This is the second Challenge Problem I’ve made up.
Prove that $\displaystyle n^{4k}+4m^4$ is not prime for all positive integers $\displaystyle n,\,k,\,m$ with $\displaystyle m>1.$
NCA's identity has a name, its called Sophie Germain's Identity.
For real $\displaystyle m$ and $\displaystyle n$ and integer $\displaystyle k$:
$\displaystyle n^{4k}+4m^4=|n|^{4k}+4|m|^4$
So the restriction to positive integers for $\displaystyle n$ and $\displaystyle m$ is unnecessary.
Also if $\displaystyle m=0$ we have $\displaystyle n^{4k}+4m^4=n^{4k}$ which can never be prime for any integer $\displaystyle n$ (including $\displaystyle 0$).
So the problem can be rewordrd to for all positive integers $\displaystyle k$ and integers $\displaystyle n,m$ show that
$\displaystyle n^{4k}+4m^4$
is never prime.
(we may have to be explicit about what we want $\displaystyle 0^0$ to mean here or exclude the case where one or both of $\displaystyle n$ and $\displaystyle m$ are zero and $\displaystyle k$ is zero)
CB
That’s a very good point. However, the condition $\displaystyle m>1$ (or $\displaystyle |m|>1$ if you like) is absolutely vital, otherwise you could find a counterexample as NonCommAlg pointed out.

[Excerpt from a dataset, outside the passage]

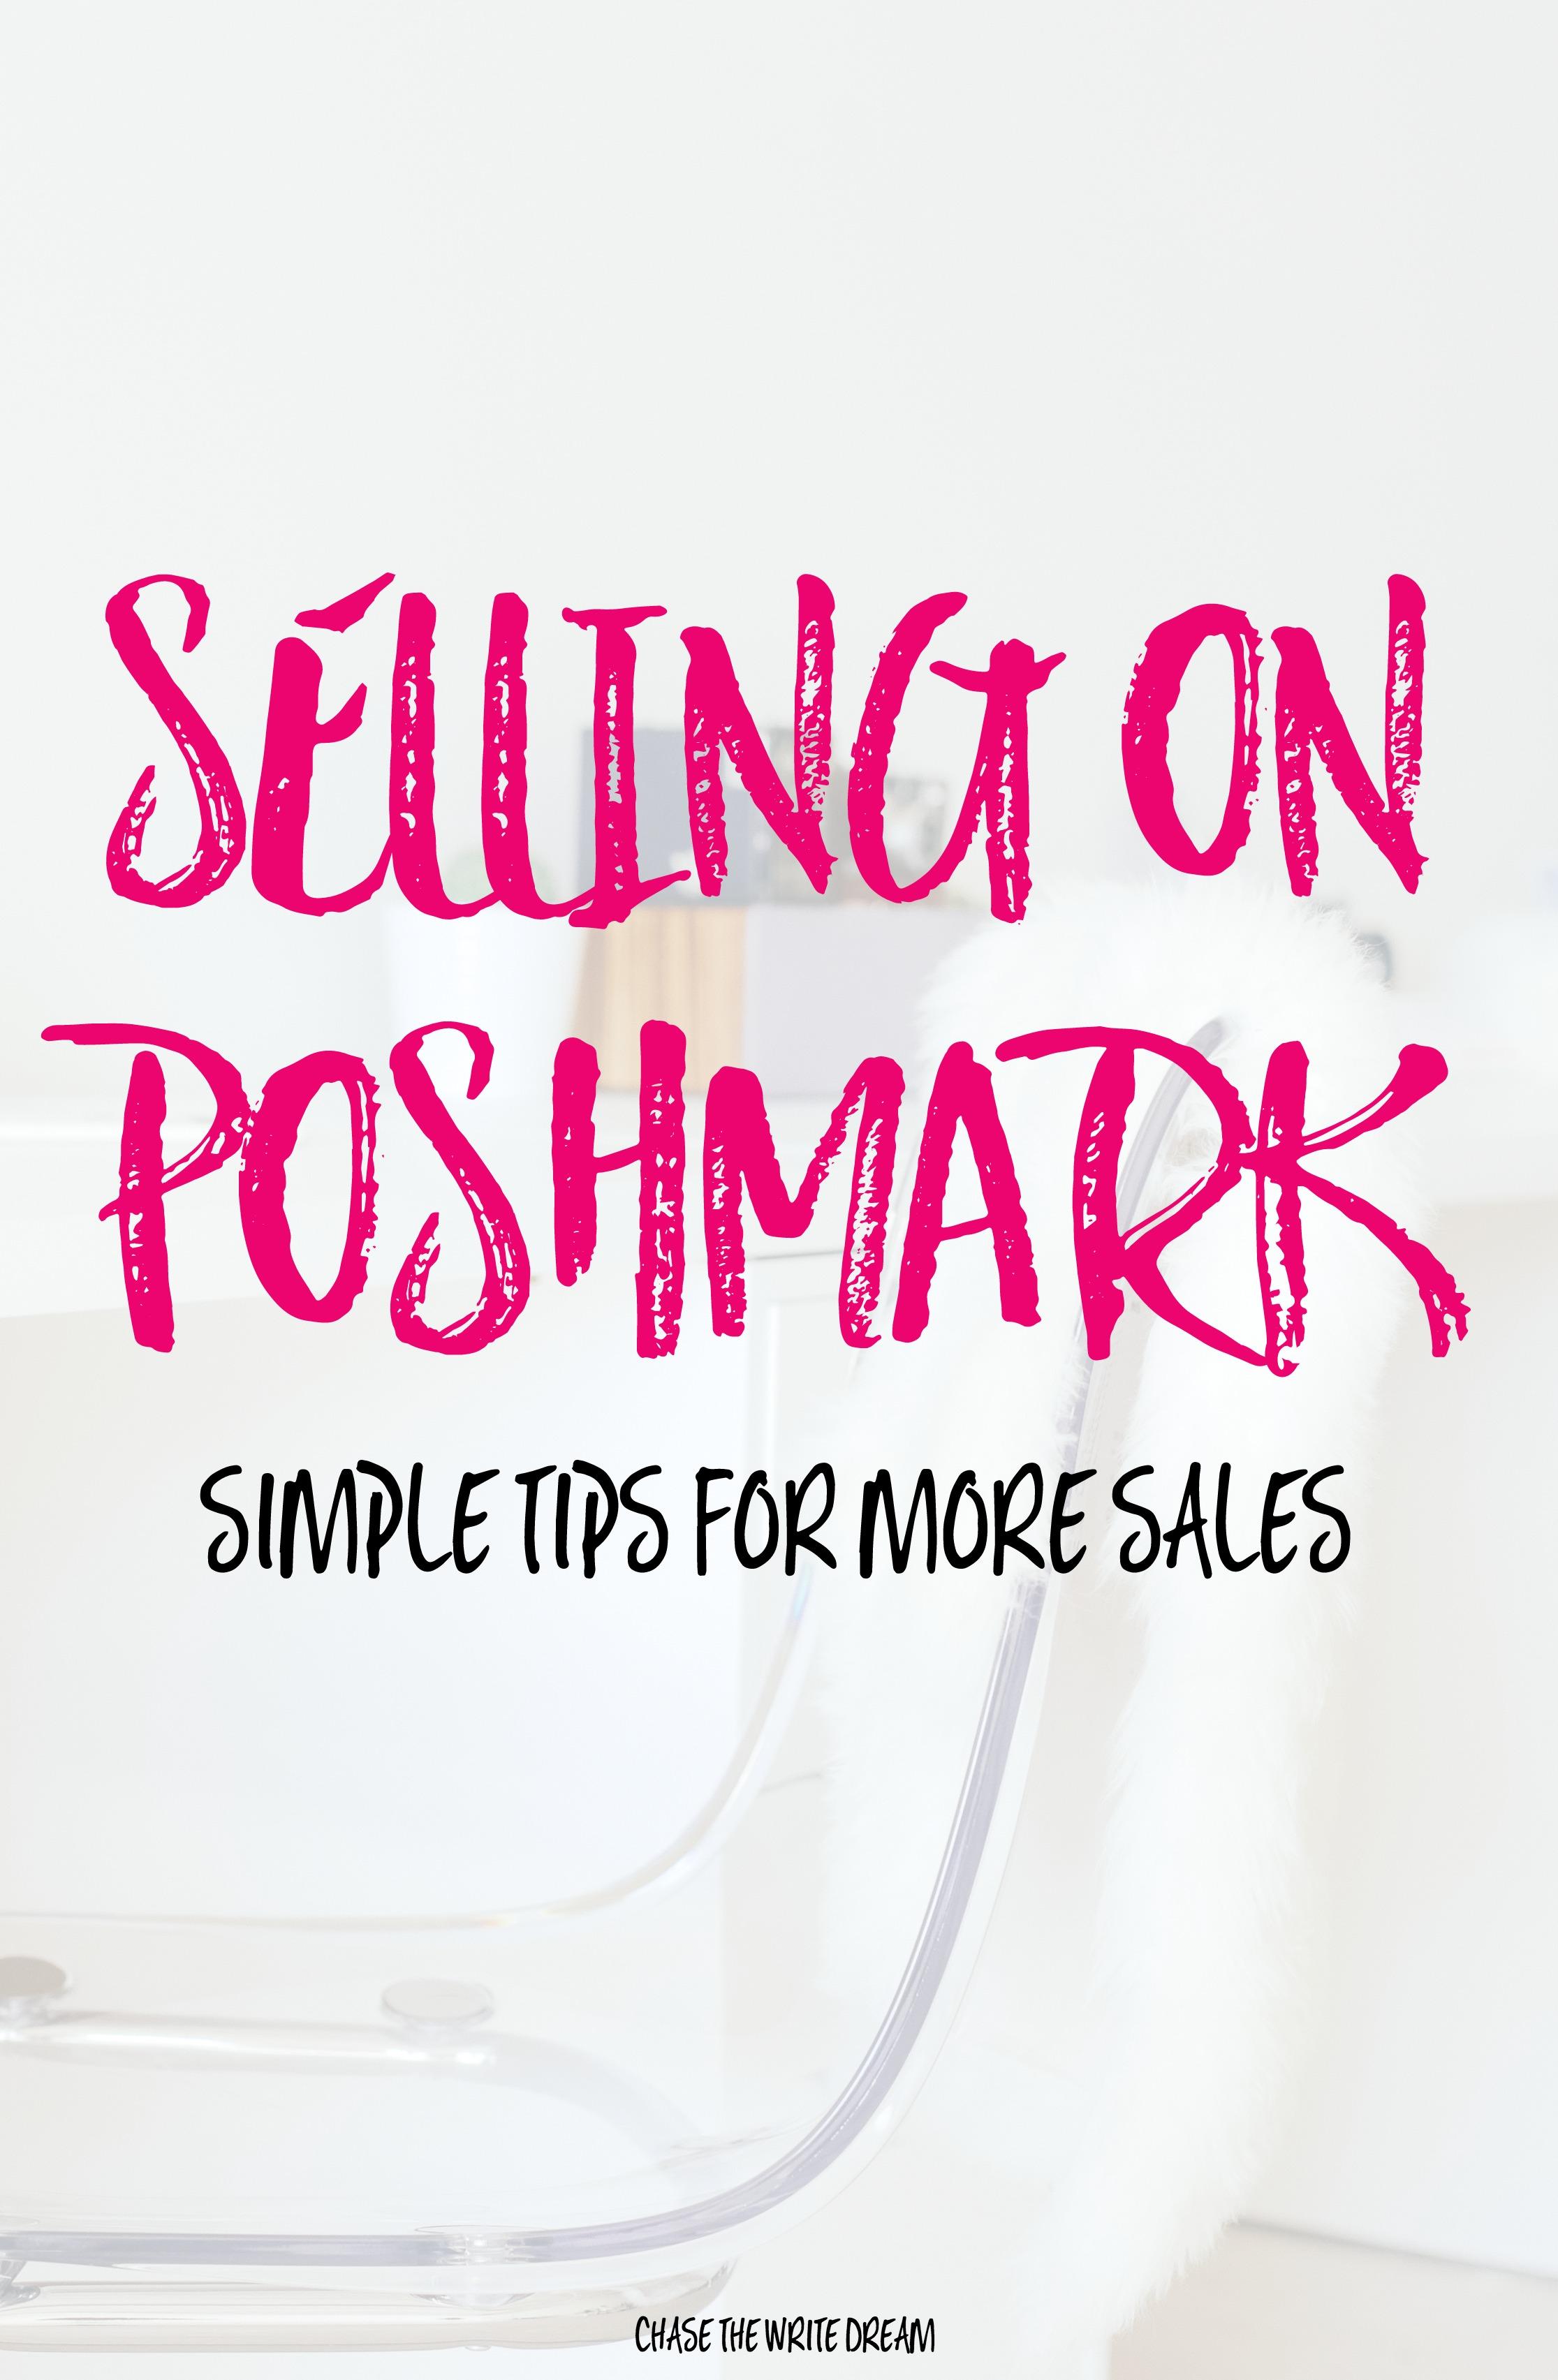 Poshmark cash flow positive, on track for $100 million

The way I originally did it was to factorize $\displaystyle n^{4k}+4m^4$ as $\displaystyle \left(n^{2k}+2mn^k+2m^2\right)\left(n^{2k}-2mn^k+2m^2\right)$ instead of writing the factors the way NonCommAlg did – and then it isn’t so clear that both factors are actually greater than 1. (One of them certainly is, but the other is iffy.) I then proceeded by considering the expressions $\displaystyle n^{2k}\pm2mn^k+2m^2-1$ as quadratics in $\displaystyle n^k.$ Their determinant is $\displaystyle 4m^2-8m^2+4=4(1-m^2)$ and the vital condition $\displaystyle m>1$ ensures that the determinant is negative and therefore that the expressions are positive.